Léon Philippe Jules Arthur Noël (March 28, 1888 – August 6, 1987) was a French diplomat, politician and historian.

Biography
He is the son of Jules Noël, conseiller d'Etat, and Cécile Burchard-Bélaváry. He received a Doctor of Laws in 1912 and then became Conseiller d'État. In 1927 he became Délégué Général of the High Commissioner of the French Republic in Rhineland.

He became Prefect of Haut-Rhin in 1930, Plenipotentiary  Minister in Prague (1932–1935), and then French Ambassador to Poland  (1935–1940).

He represented the French Minister of Foreign Affairs in the Second Armistice at Compiègne on 22 June 1940. He was named delegate general in the territories occupied on July 9, 1940. Ten days later he resigned, and he joined de Gaulle in 1943. He is member (1944) next president of French Academy of Moral and Political Sciences (1958).

He was a Member of the French Parliament (RPF) (1951–1955).
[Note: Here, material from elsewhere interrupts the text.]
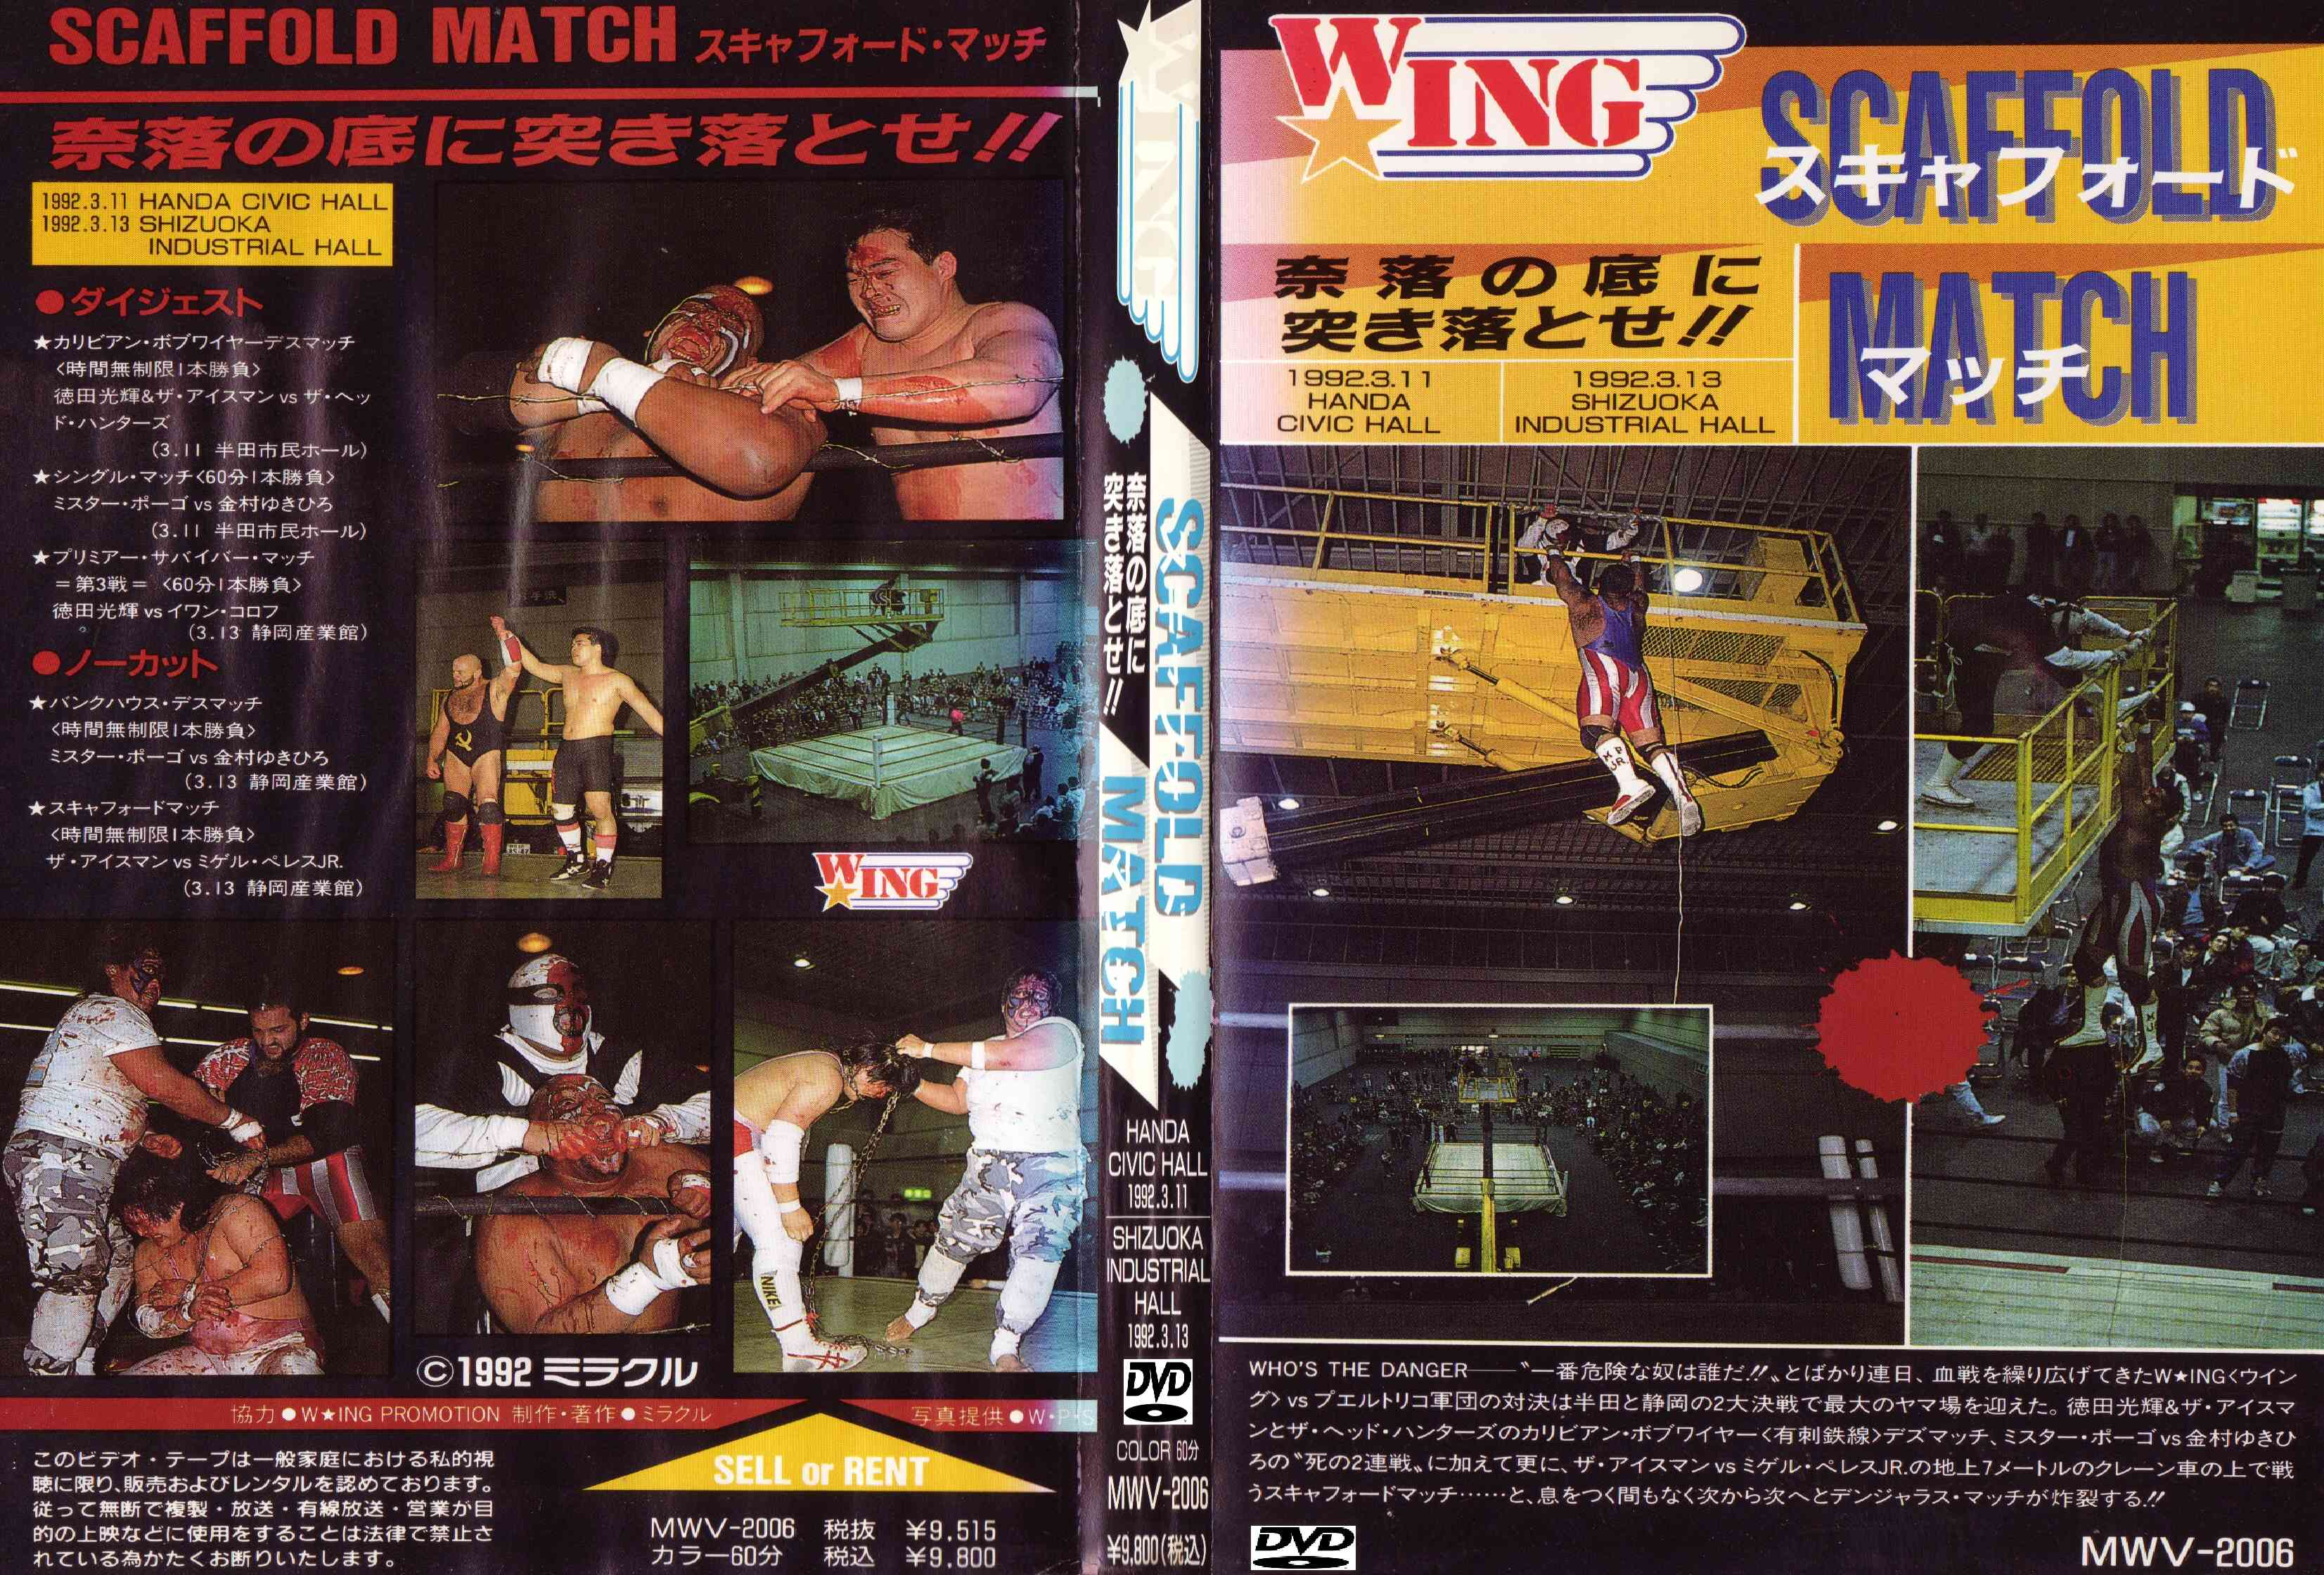 wingscaffoldmatchyy7

He was the first President of the Constitutional Council of France (1959–1965).

Distinctions
Grand'croix of the Légion d'honneur
Grand'croix of the Ordre national du Mérite
Krzyż Wielki (Grand cross) of the Polonia Restituta
Grand'croix of the Order of the White Lion
Knight of the Ordre des Palmes Académiques
...

Bibliography
Léon Noël, L'agression allemande contre la Pologne, Flammarion, 1946.
Collectif, In memoriam Léon Noël (1888–1987), Bulletin de la Société des Sciences Historiques et Naturelles de l'Yonne, 1987, p. 5-8. 
Yves Beauvois, Léon Noël, de Laval à de Gaulle, via Pétain, Presses universitaires du Septentrion, 2001 
Id., « Le Conseil constitutionnel à ses débuts », Commentaire, hiver 2006-2007, p. 943-954

External links
French Parliament website
French Constitutional Council website
Biography by Yves Beauvois

1888 births
1987 deaths
Prefects of France
Prefects of Haut-Rhin
20th-century French diplomats
Grand Croix of the Légion d'honneur
Grand Cross of the Ordre national du Mérite
Recipients of the Order of the White Lion
Recipients of the Order of Polonia Restituta
Chevaliers of the Ordre des Palmes Académiques
20th-century French lawyers
French people of Hungarian descent
Ambassadors of France to Poland
University of Paris alumni
Members of the Conseil d'État (France)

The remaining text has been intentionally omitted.